Part 2: Handling Multimodal Data
Tabular ETL usually shrinks data: filter, aggregate, write less than you read. Multimodal AI pipelines do the opposite. A single document path might fan out into dozens of text chunks and embedding vectors.
Spark treats images and audio as binary blobs. Touching them in Python means a JVM-to-Python hop through Py4J, processing with Pillow or OpenCV, then a serialization back. That round-trip dominates the wall-clock time on a lot of real workloads.
Pipelined Execution and GPU Utilization
Spark parallelizes partitions across cores, but its stage-based (bulk synchronous) execution is the catch. Inside a single task, every step (download, decode, classify) runs sequentially on one core with no async overlap. And every task in a stage has to finish before the next stage starts. GPUs sit idle while CPUs preprocess; CPUs sit idle while GPUs run inference. Each stage materializes its output before the next one begins, which puts memory pressure on top of everything.
Pipelined execution is the alternative. Instead of running stages back-to-back, the engine overlaps I/O, CPU work, and GPU inference, so the slow component is the only thing waiting at any given time.
Benchmark: Image Processing
I benchmarked image processing on 500 real photographs from the Food-101 dataset. Results from the demo repo:
Polars and DataFusion don't show up here because they don't have native image operations — image work would fall back to sequential Python and the comparison wouldn't be fair. The numbers that matter: Daft's Rust-native image ops are 3.6x faster than Pandas + Pillow, and pure Rust is 4.2x faster than Pandas across the whole pipeline.

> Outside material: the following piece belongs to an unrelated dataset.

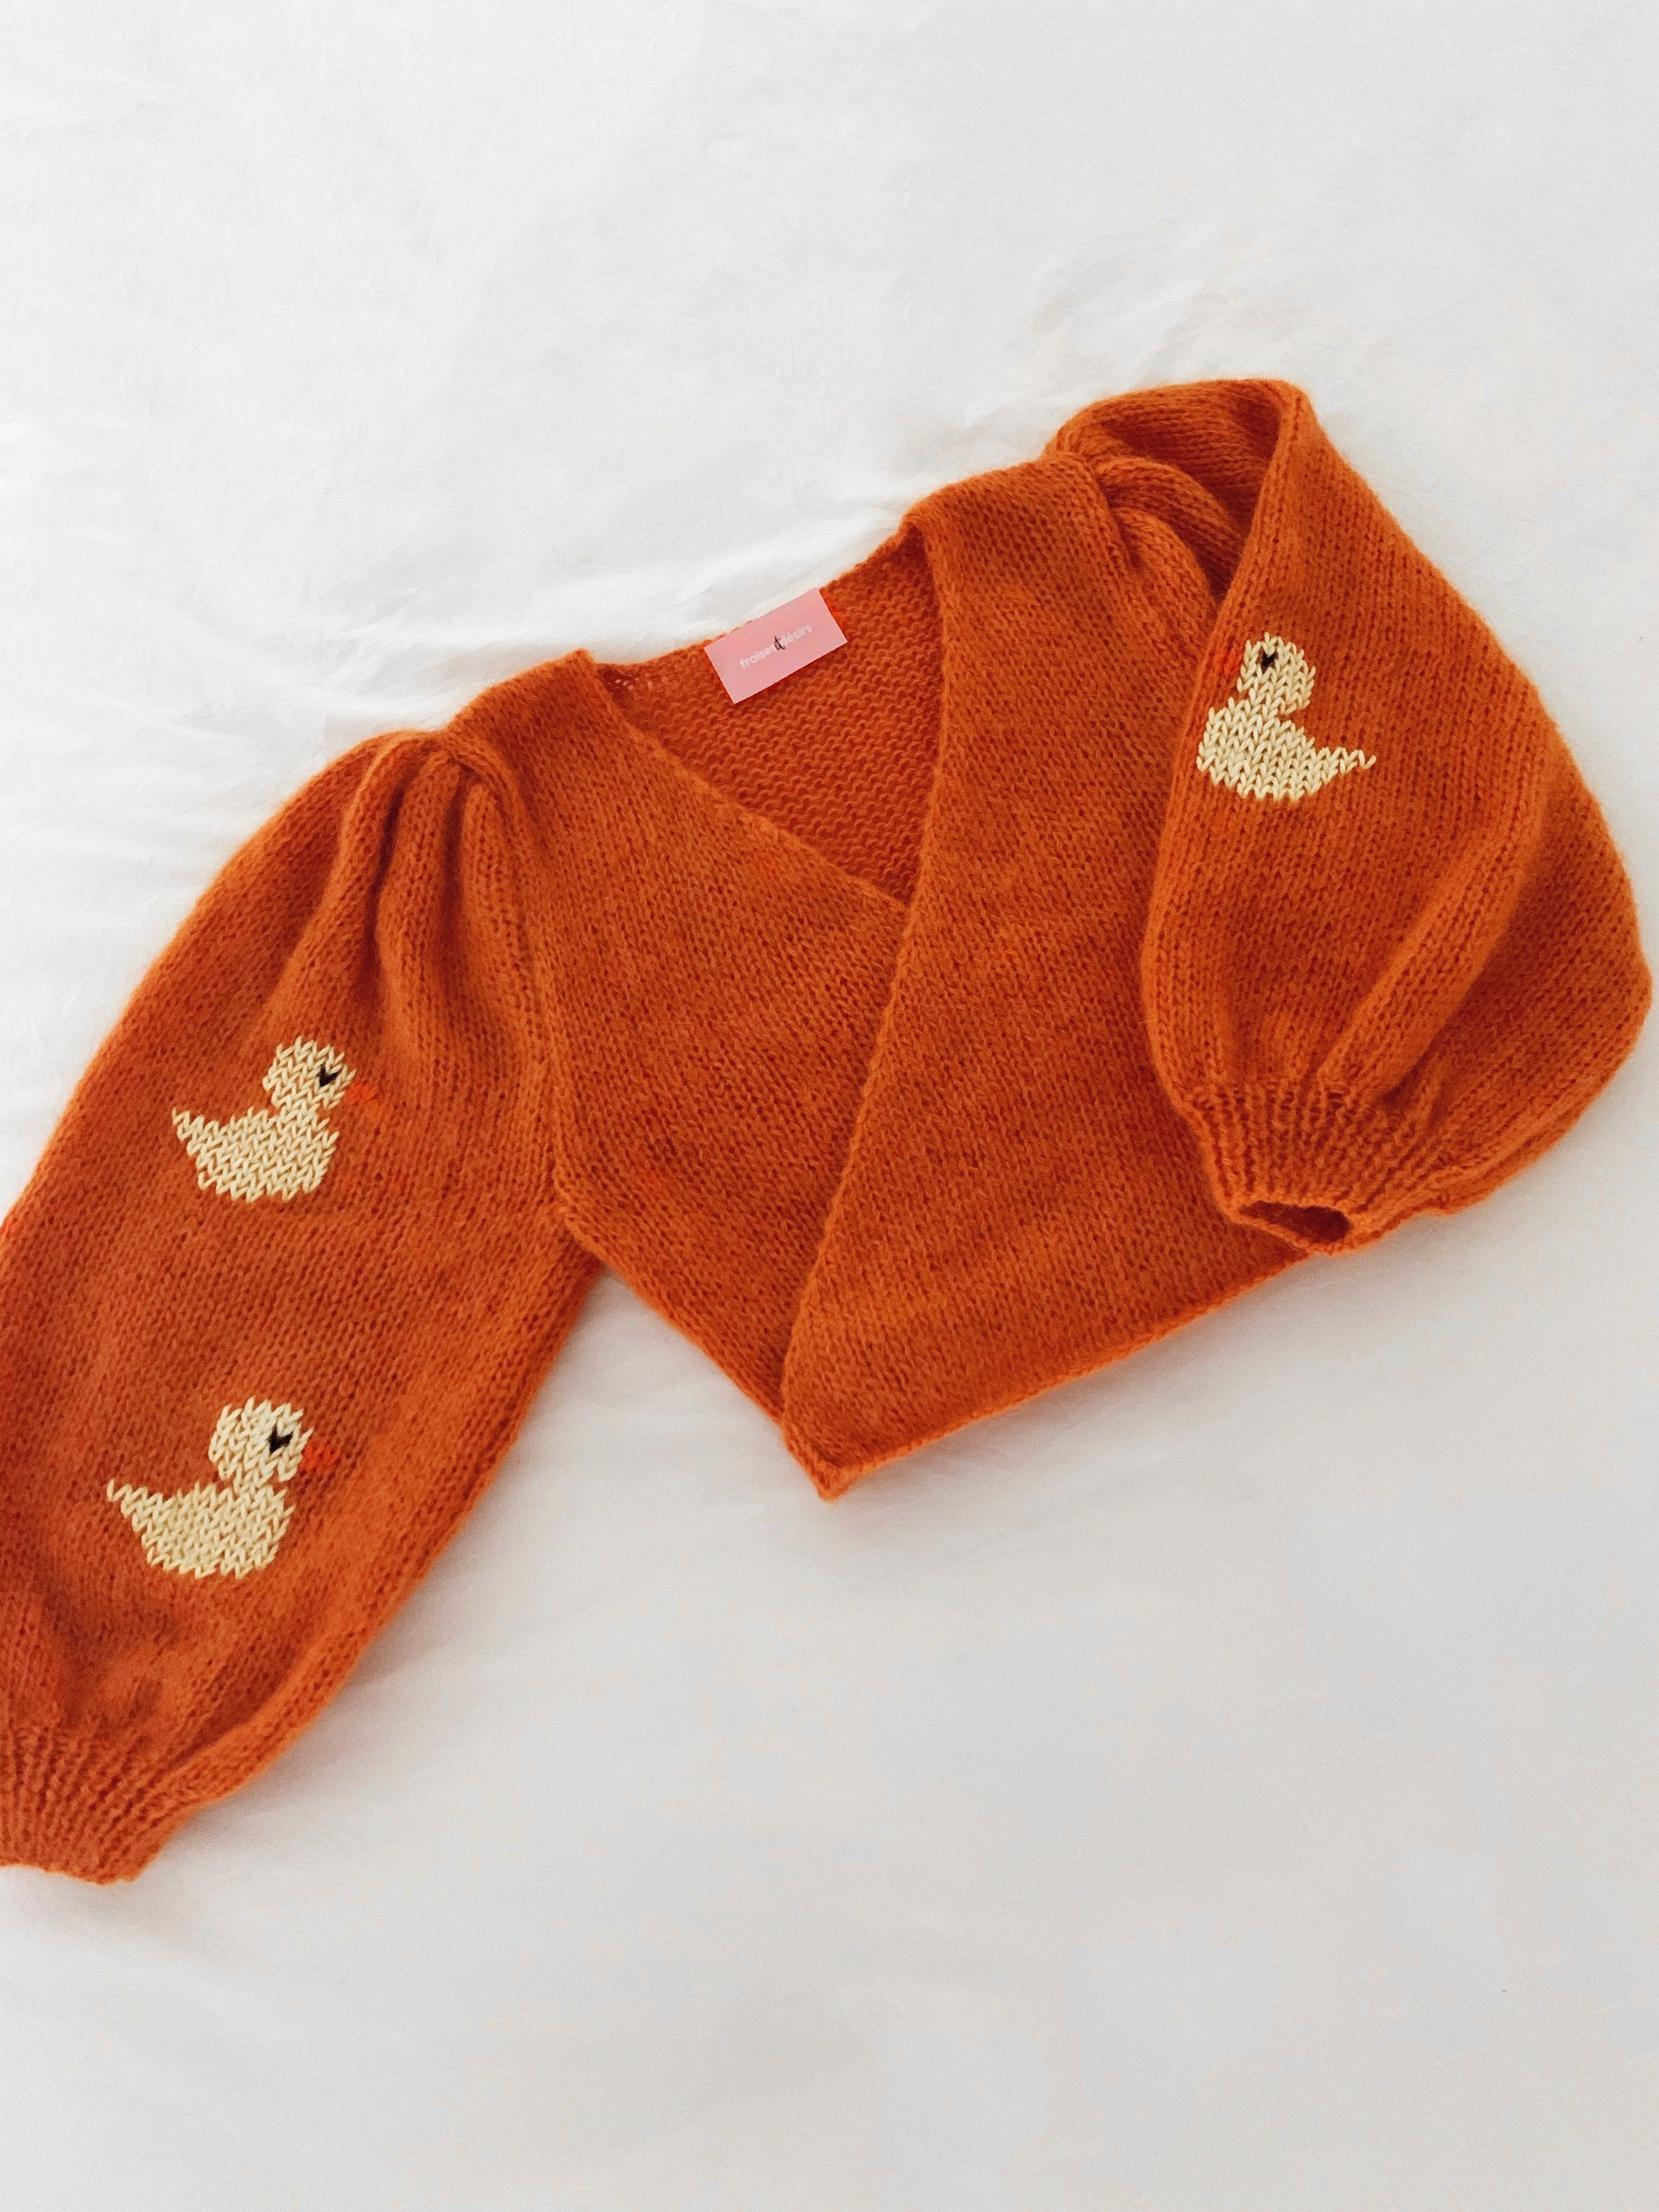 Daisy Duck crossover sweater

Part 3: Distributed Processing
Once a single machine isn't enough, you have to pick how to spread the work. This is where the architectural differences between engines actually start to matter.
Apache Spark
Spark is still what I'd reach for on petabyte-scale tabular ETL with messy shuffles. Fault tolerance through RDD lineage works, the ecosystem is huge (Databricks, EMR), and multi-TB joins are well-trodden ground. AI workloads are where it falls apart. Tasks get scheduled onto JVM executors that don't know about GPUs, so GPUs sit idle waiting on CPU preprocessing.
From distributed_spark.ipynb:
from pyspark.sql import SparkSession
from pyspark.sql import functions as F
spark = SparkSession.builder \
.appName("TaxiETL") \
.config("spark.sql.adaptive.enabled", "true") \
.getOrCreate()
orders = spark.read.parquet("s3a://lake/taxi/*.parquet")
zones = spark.read.csv("s3a://lake/taxi_zones.csv", header=True)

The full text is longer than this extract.